> YOUR OBJECTIVE:
Produce exactly the lines from the one holding "AquaCode_KCK_20-1" through the last line of the data below, with every picture left out.

> COLLECTED MATERIAL:
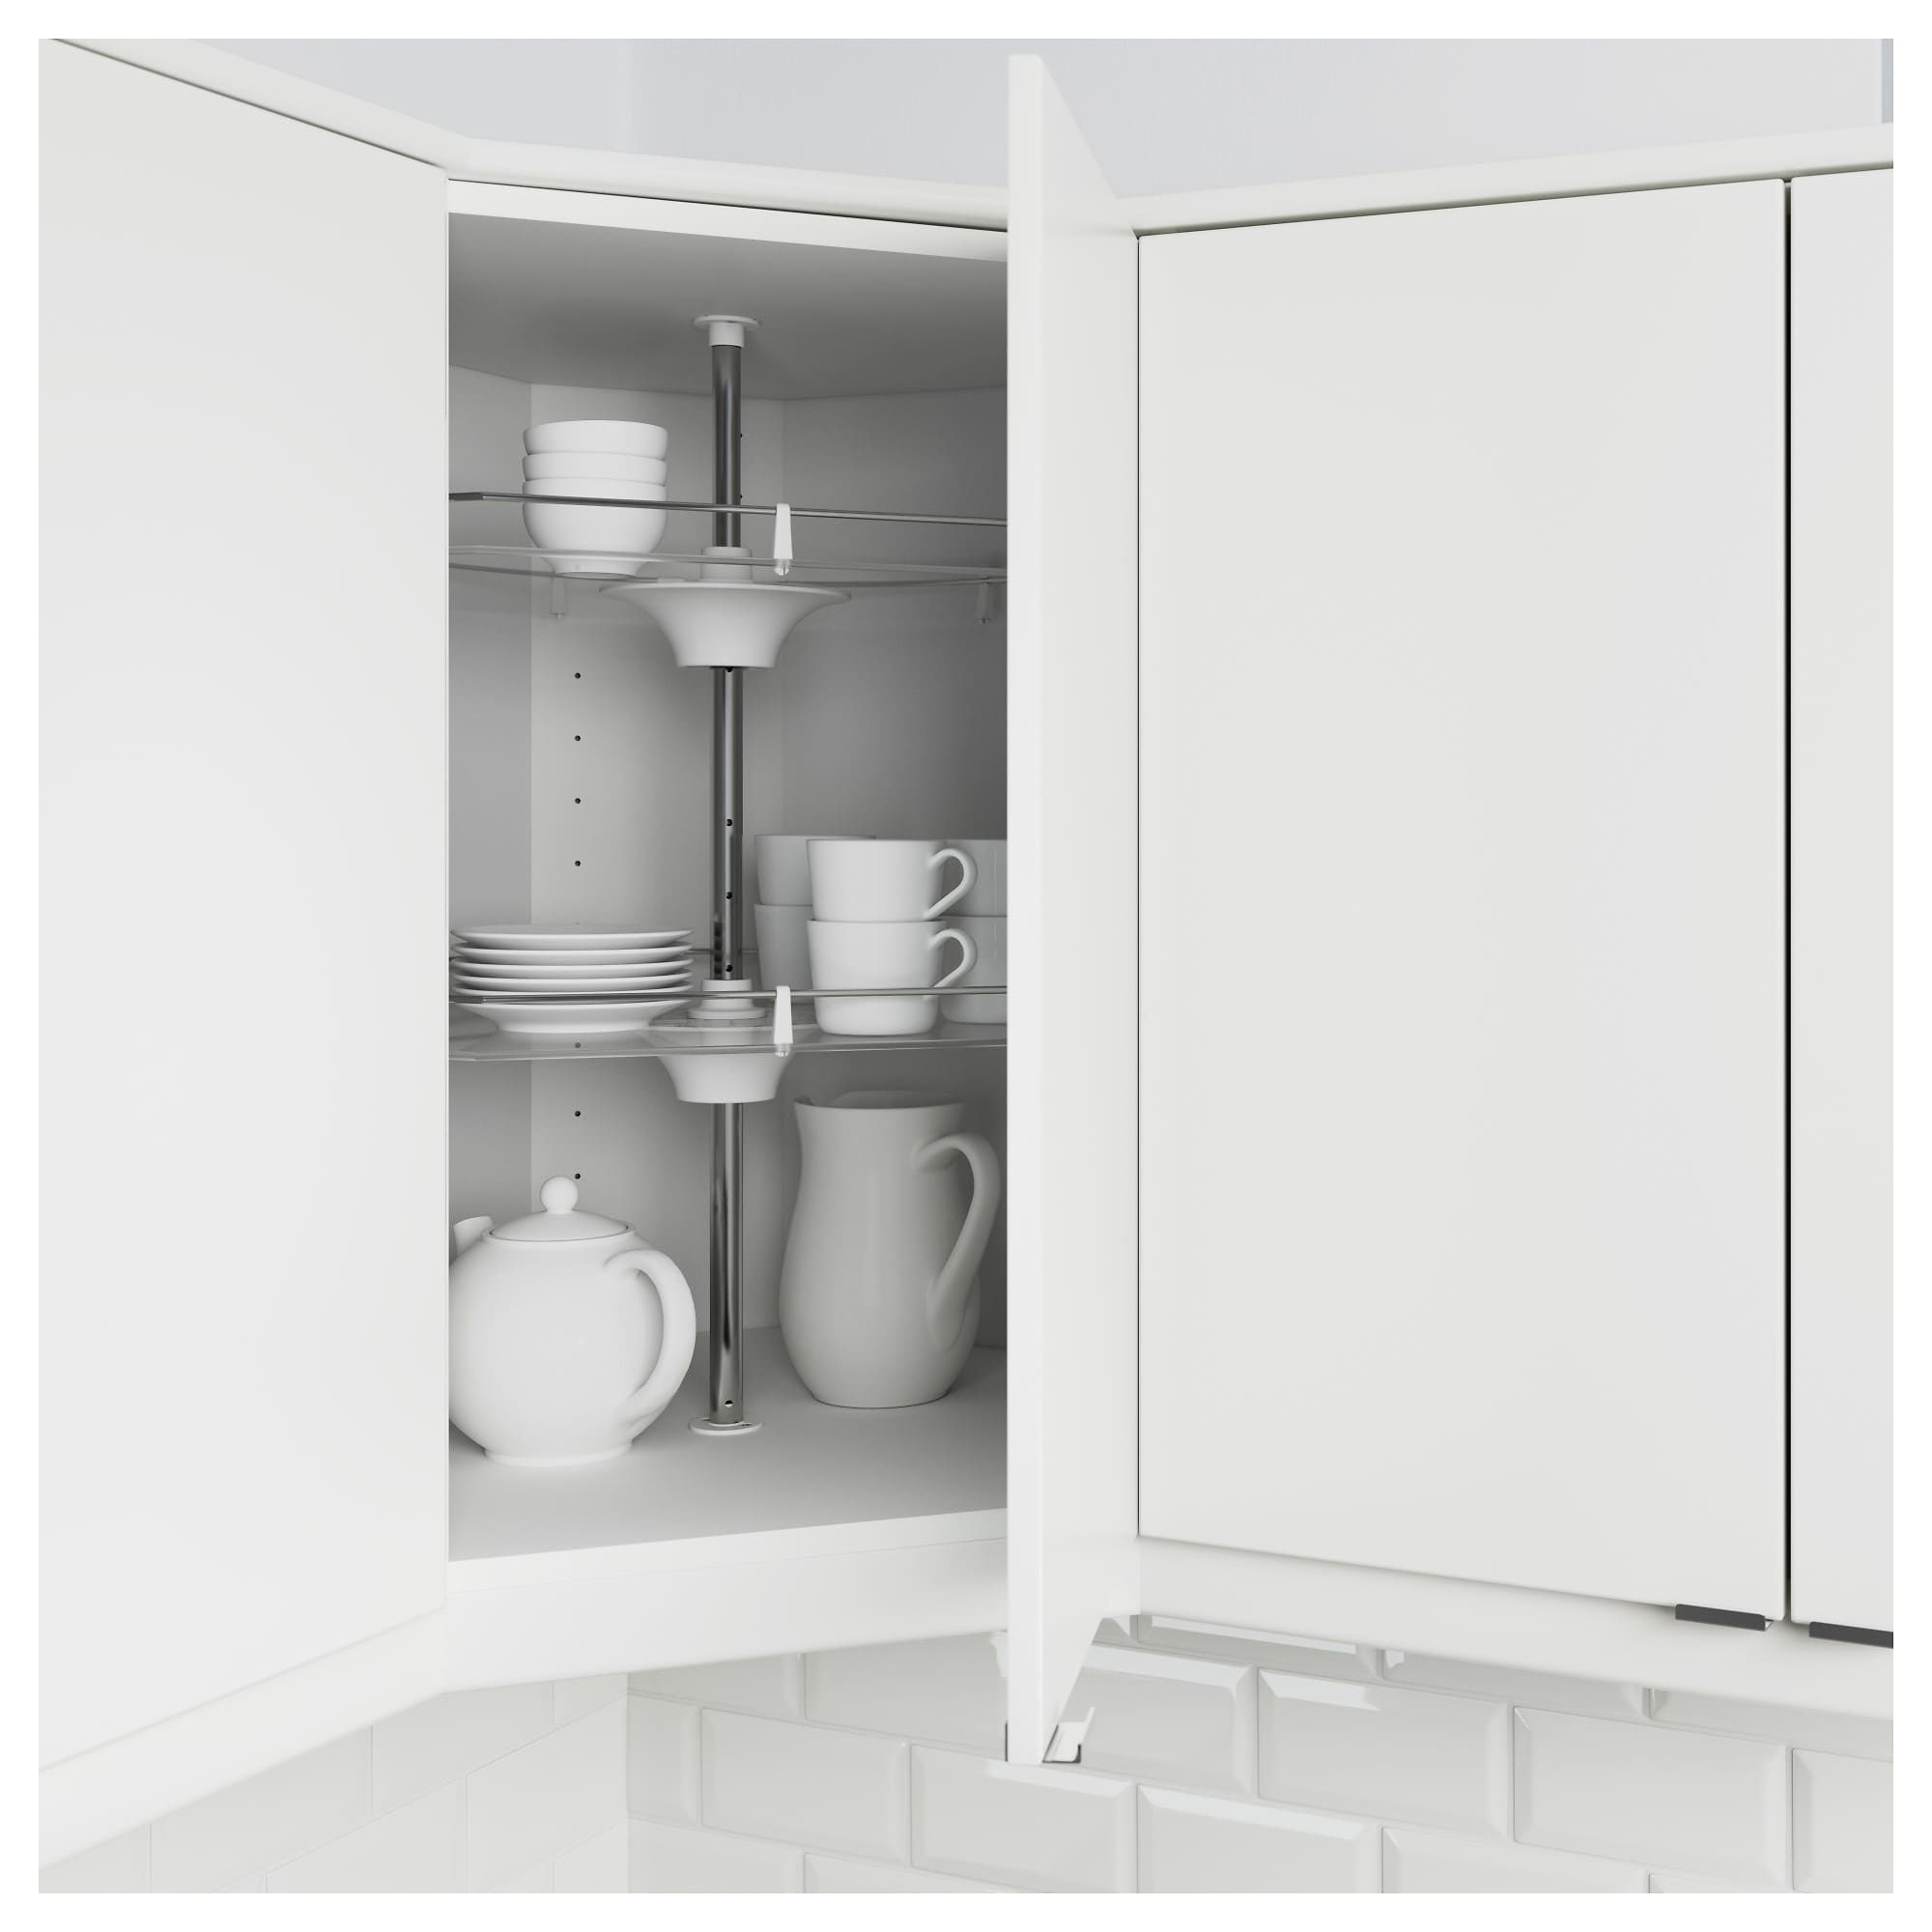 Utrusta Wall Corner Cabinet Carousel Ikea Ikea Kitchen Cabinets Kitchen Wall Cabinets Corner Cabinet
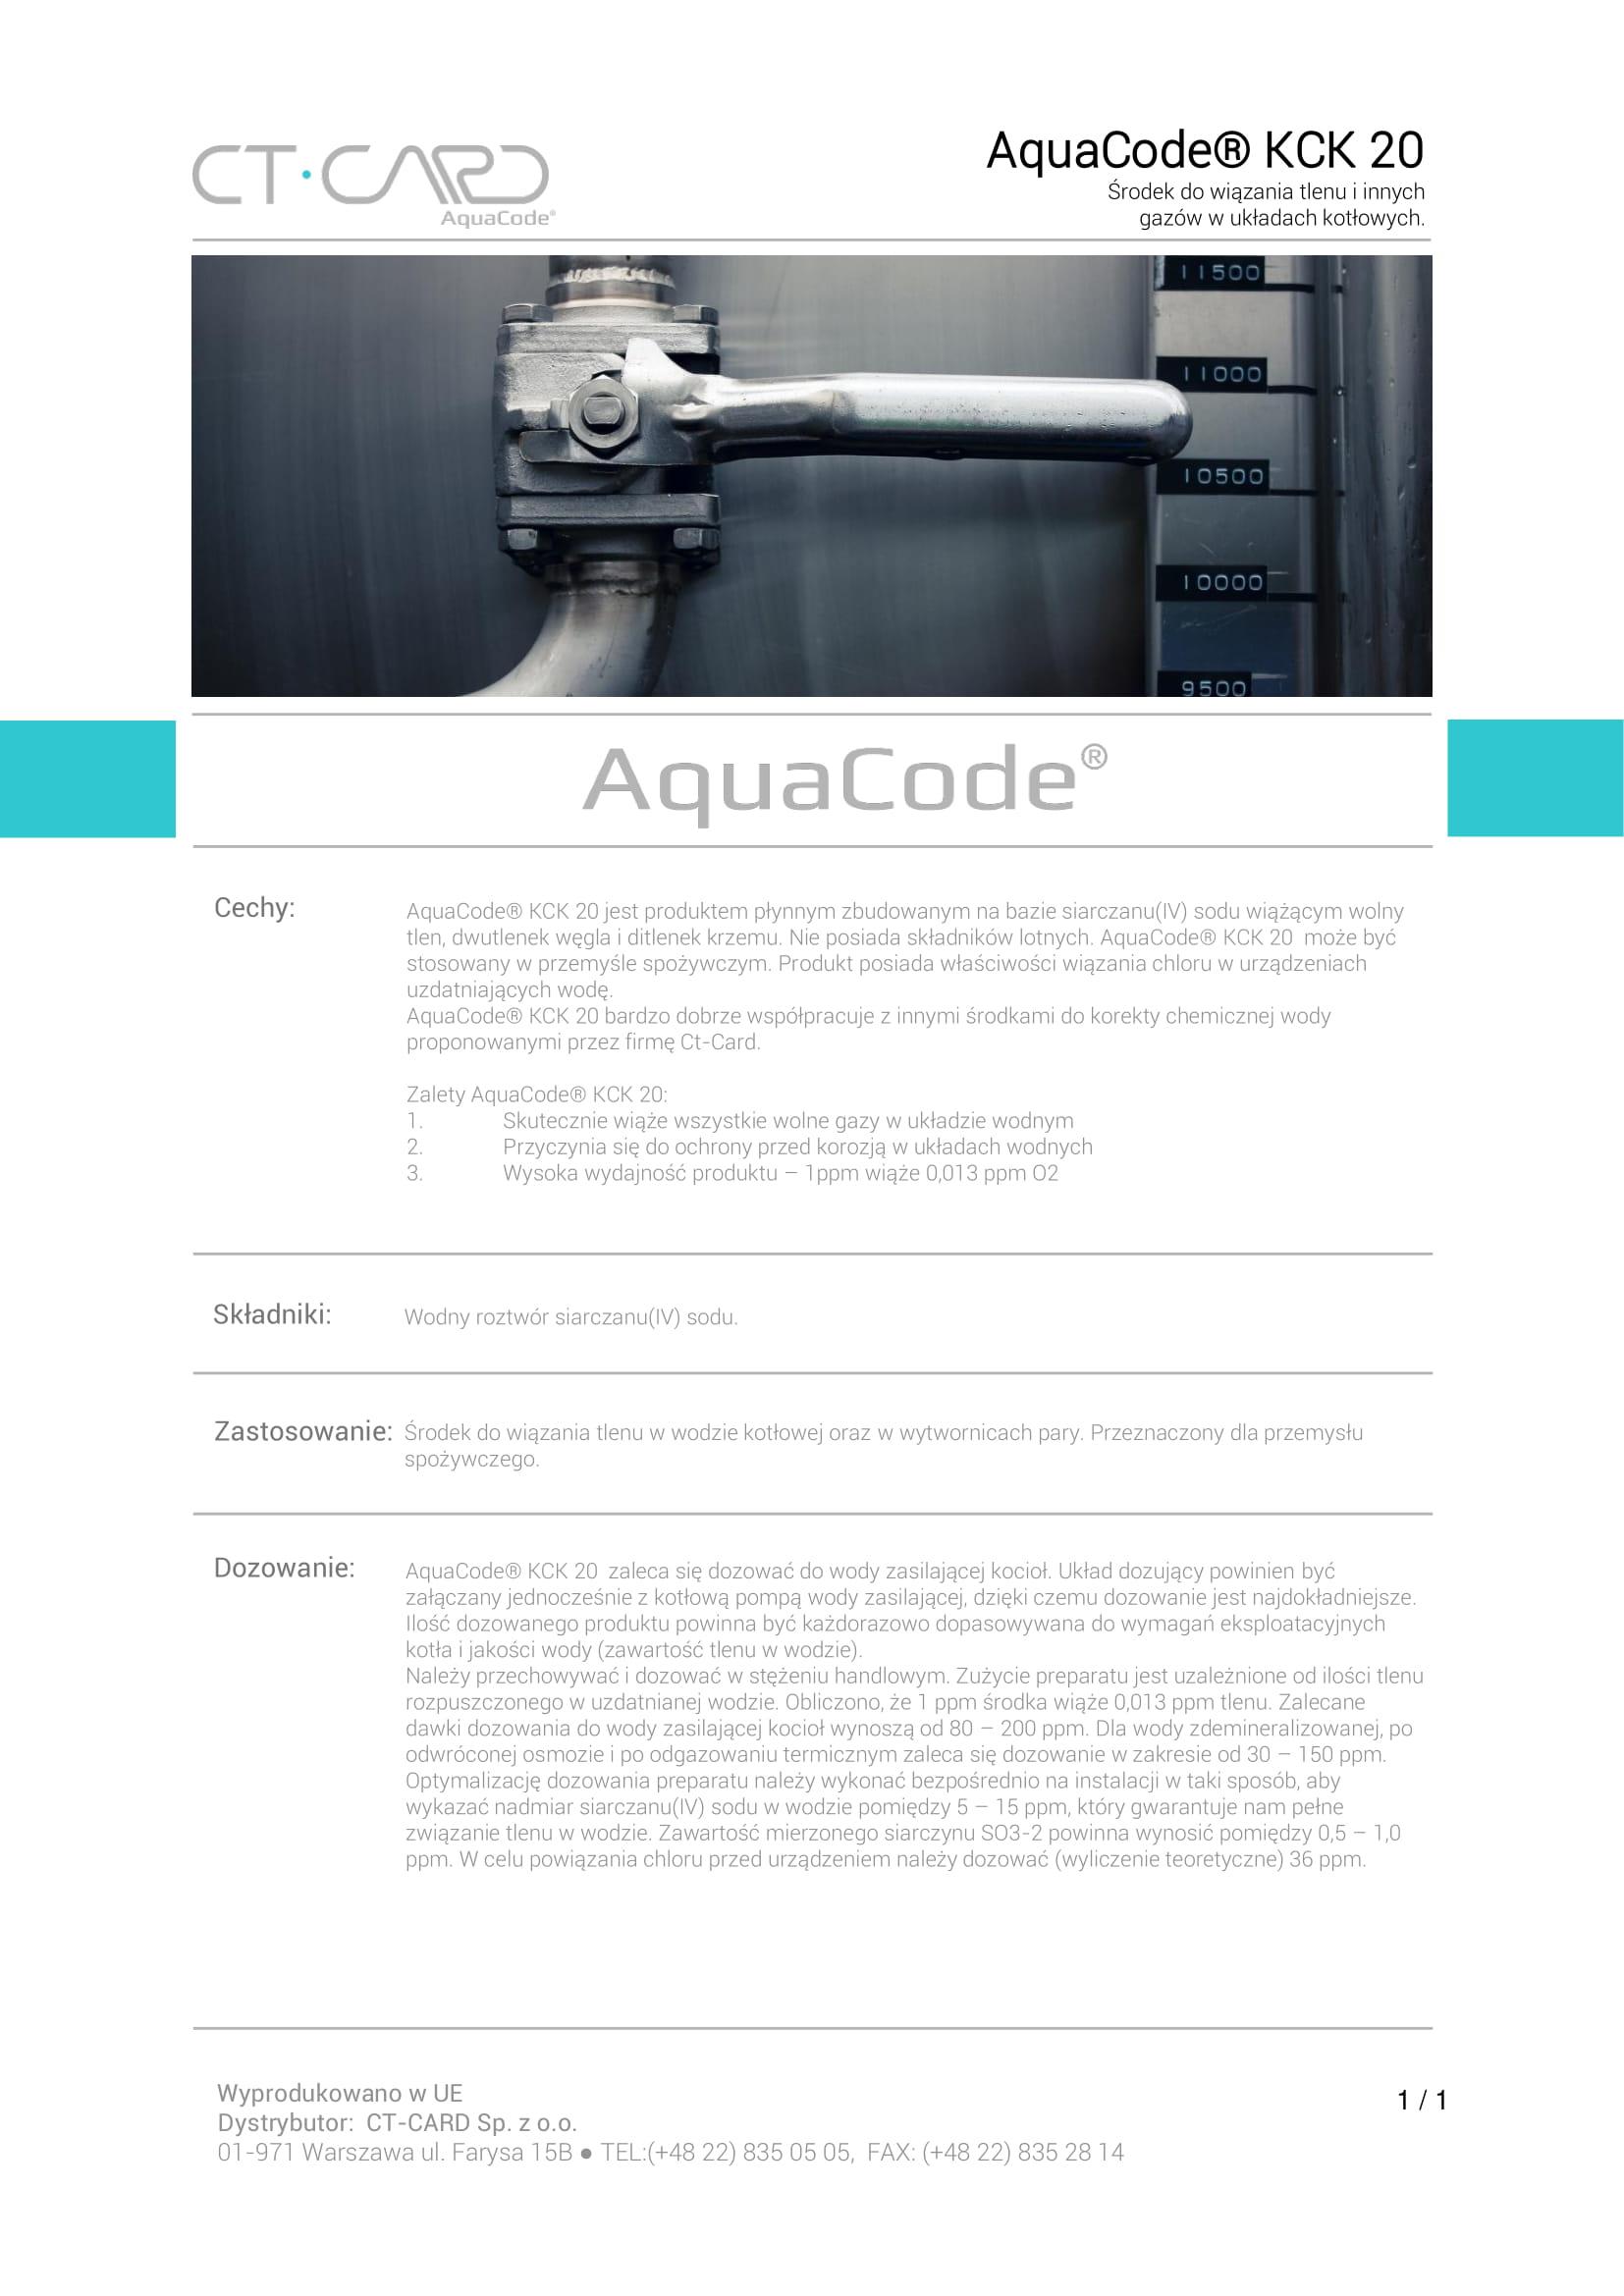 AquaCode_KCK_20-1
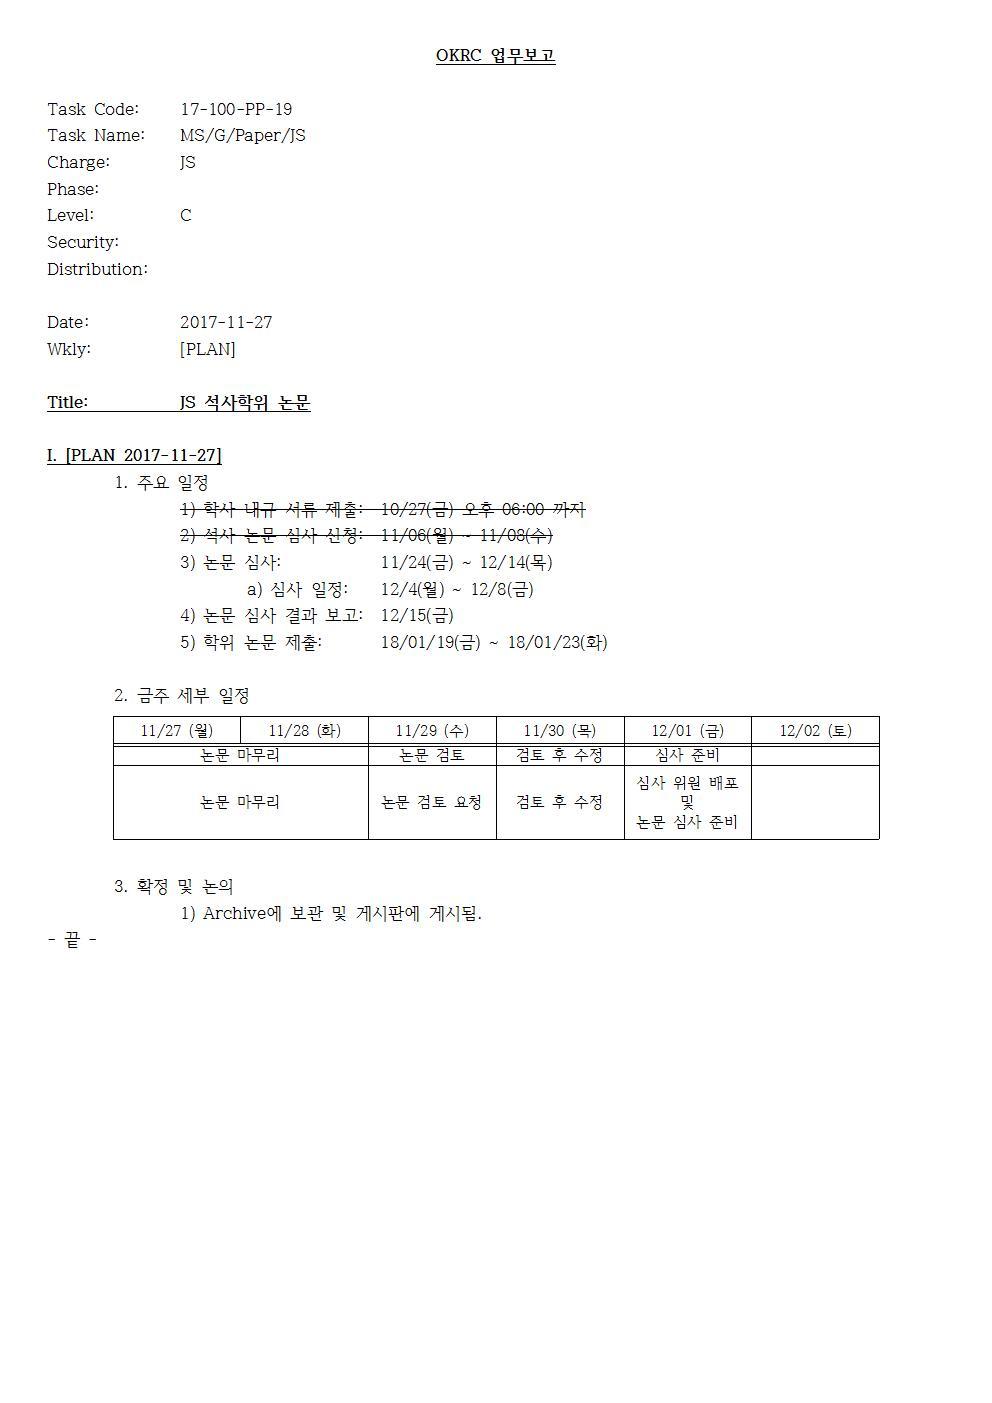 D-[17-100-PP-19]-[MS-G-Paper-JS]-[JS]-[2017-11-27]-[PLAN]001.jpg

> RESPONSE FOR THIS EXERCISE:
 AquaCode_KCK_20-1
 D-[17-100-PP-19]-[MS-G-Paper-JS]-[JS]-[2017-11-27]-[PLAN]001.jpg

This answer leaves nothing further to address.